Literature DB >> 10547198

A novel pancreatic model: the snip method of pancreatic isolation for in vitro study.

C Jaffrey1, D Eichenbaum, D W Denham, J Norman.   

Abstract

We aimed to devise a method of preparing the pancreas for in vitro study that would provide tissue that is viable and functional for 24 h, with preservation of integral functional cell-membrane structures. Pancreata of NIH Swiss mice were excised, gently insufflated with media, and carefully snipped into portions of < 0.5 mm. Snips were incubated in cell culture for 0, 8, 24, and 48 h, with viability measured by 3-[4,5-dimethylthiazol-2-yl]-2,3-diphenyltetrazolium bromide (MTT) assay and amylase production quantified after stimulation with cerulein. Recombinant tumor necrosis factor-alpha (TNF-alpha) was added to cell culture, and apoptosis demonstrated by Hoechst staining at 0, 24, and 48 h. At 0, 8, and 24 h, pancreatic snips were determined to be viable by MTT assay.

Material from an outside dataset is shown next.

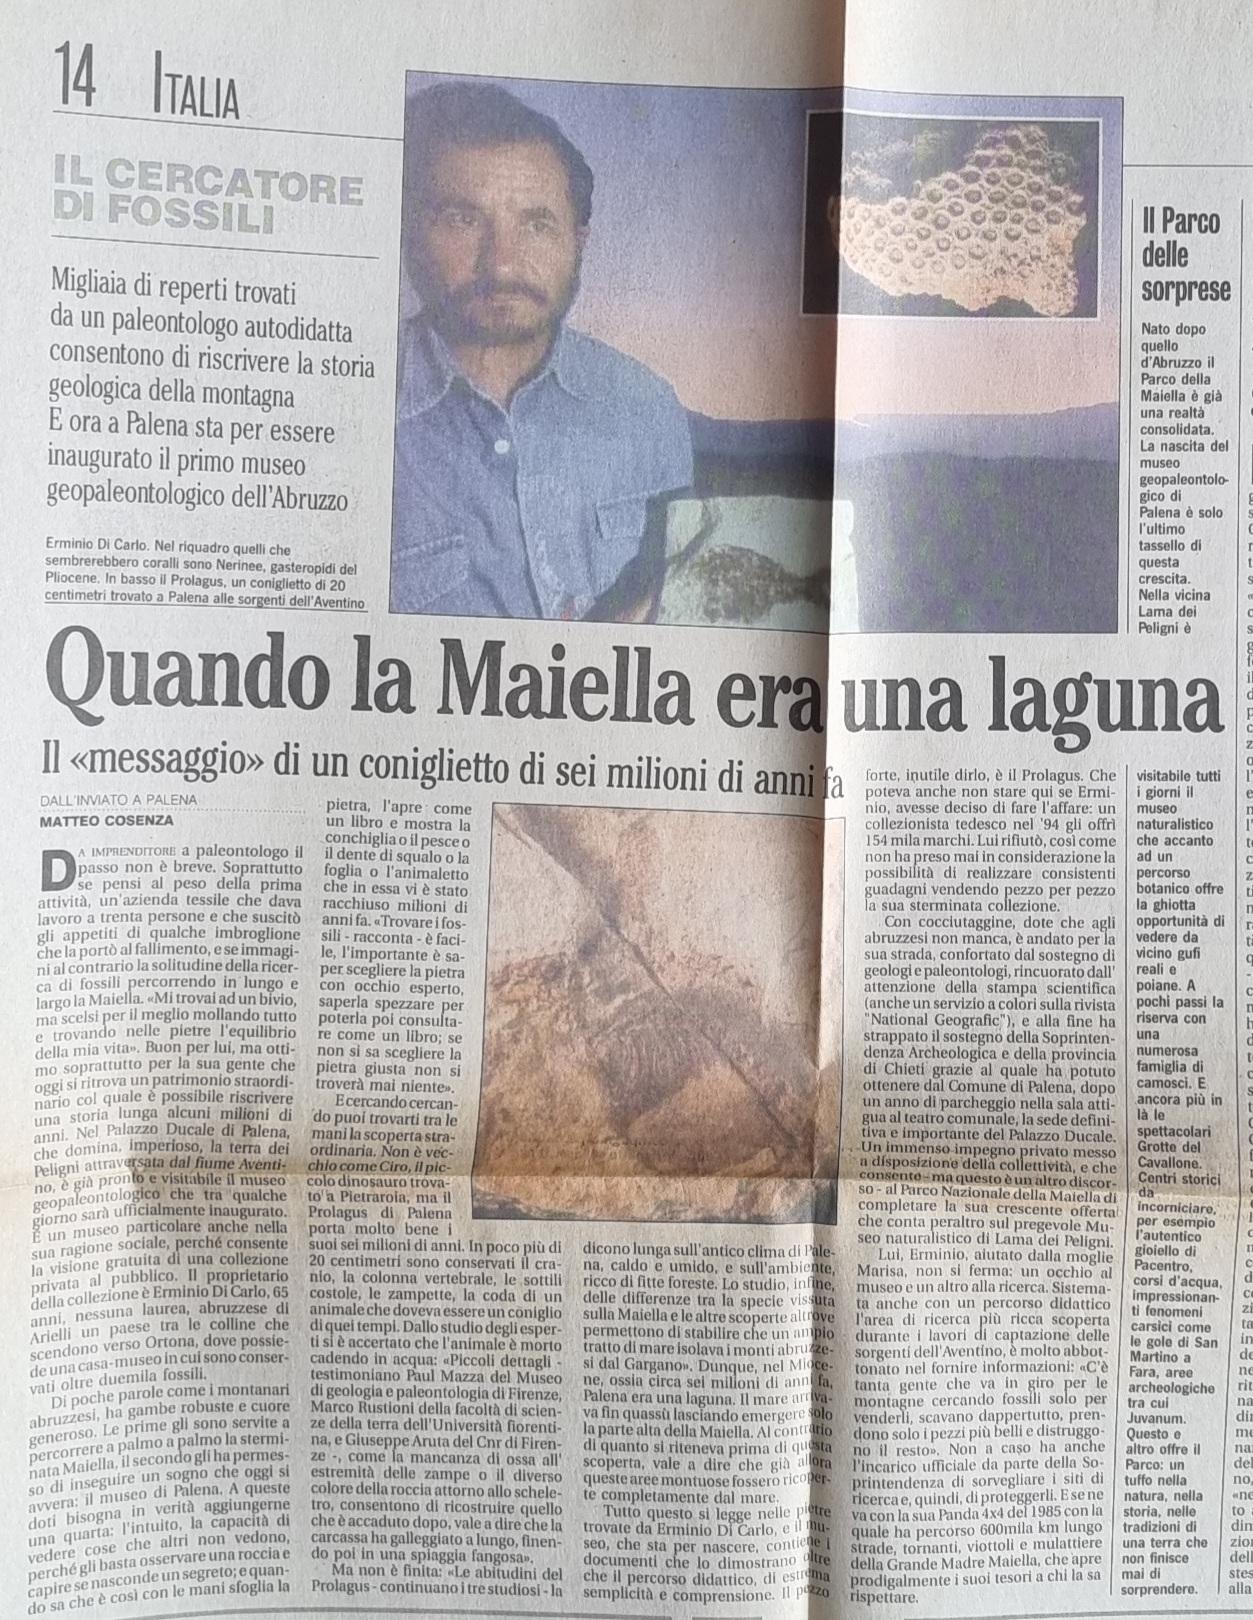 Ermio Di Carlo mio vecchio articolo sul Mattinojpg
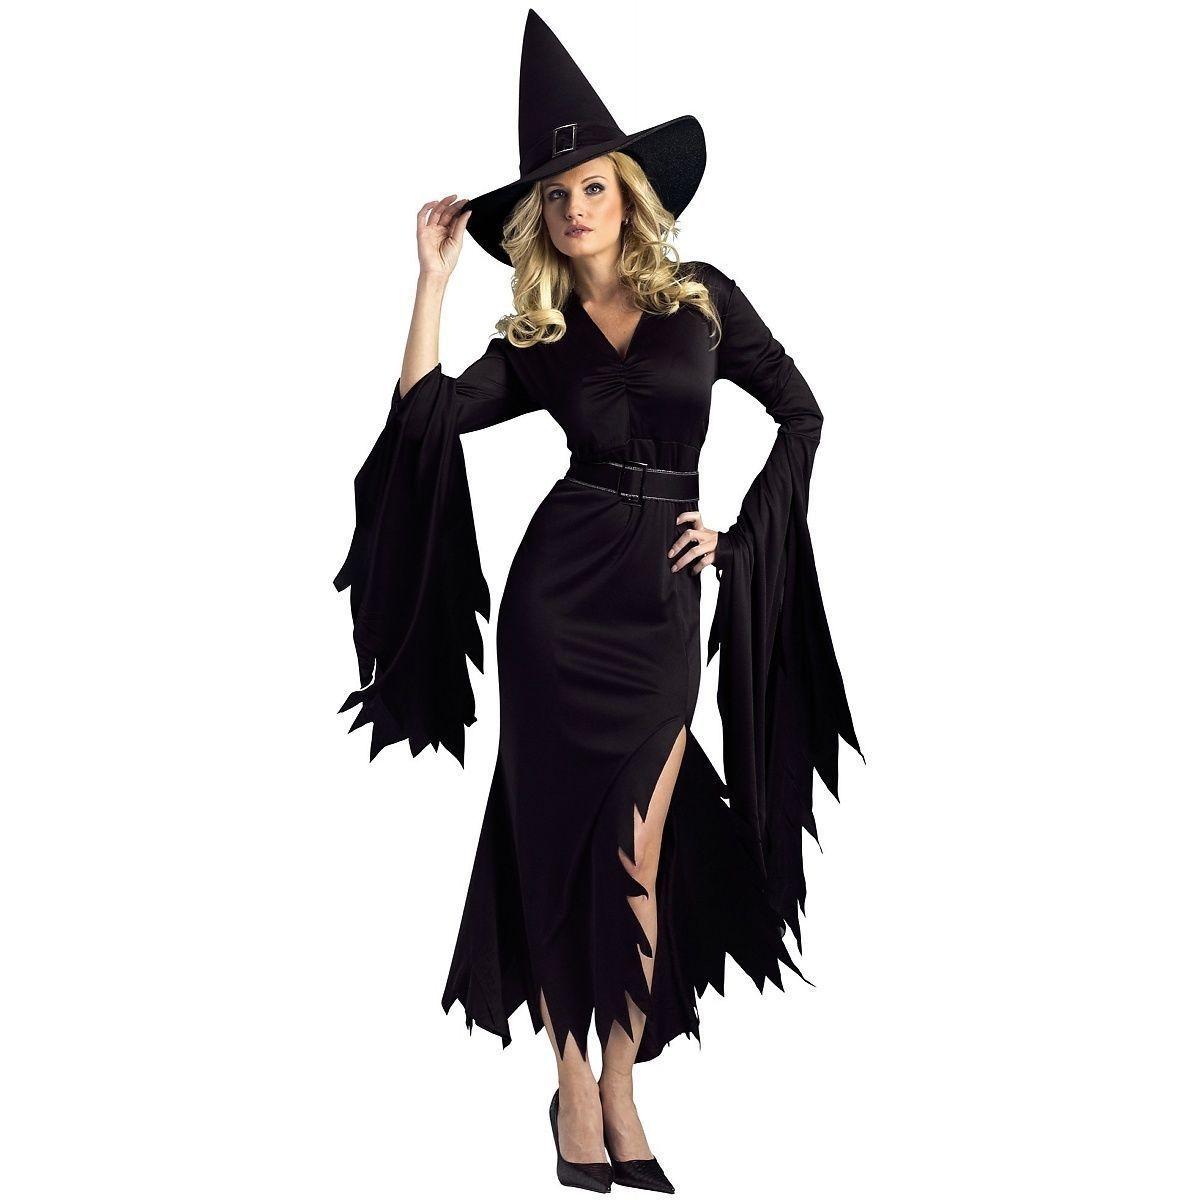 Top 10 Fancy Dress Ideas for Women | Witch dress, Fancy and Dress ...

They also were functional with intact cell-membrane apparatuses at these same time points, as evidenced by amylase production in response to a cholecystokinin analogue. We were able to induce apoptosis with TNF-alpha ligand in these pancreatic snips in support of viability and overall cellular function. We conclude that the snip method provides an effective in vitro pancreatic model. Acinar cells are viable and functional for > or = 24 h, with evidence that their cell-surface receptors are preserved in their operational state.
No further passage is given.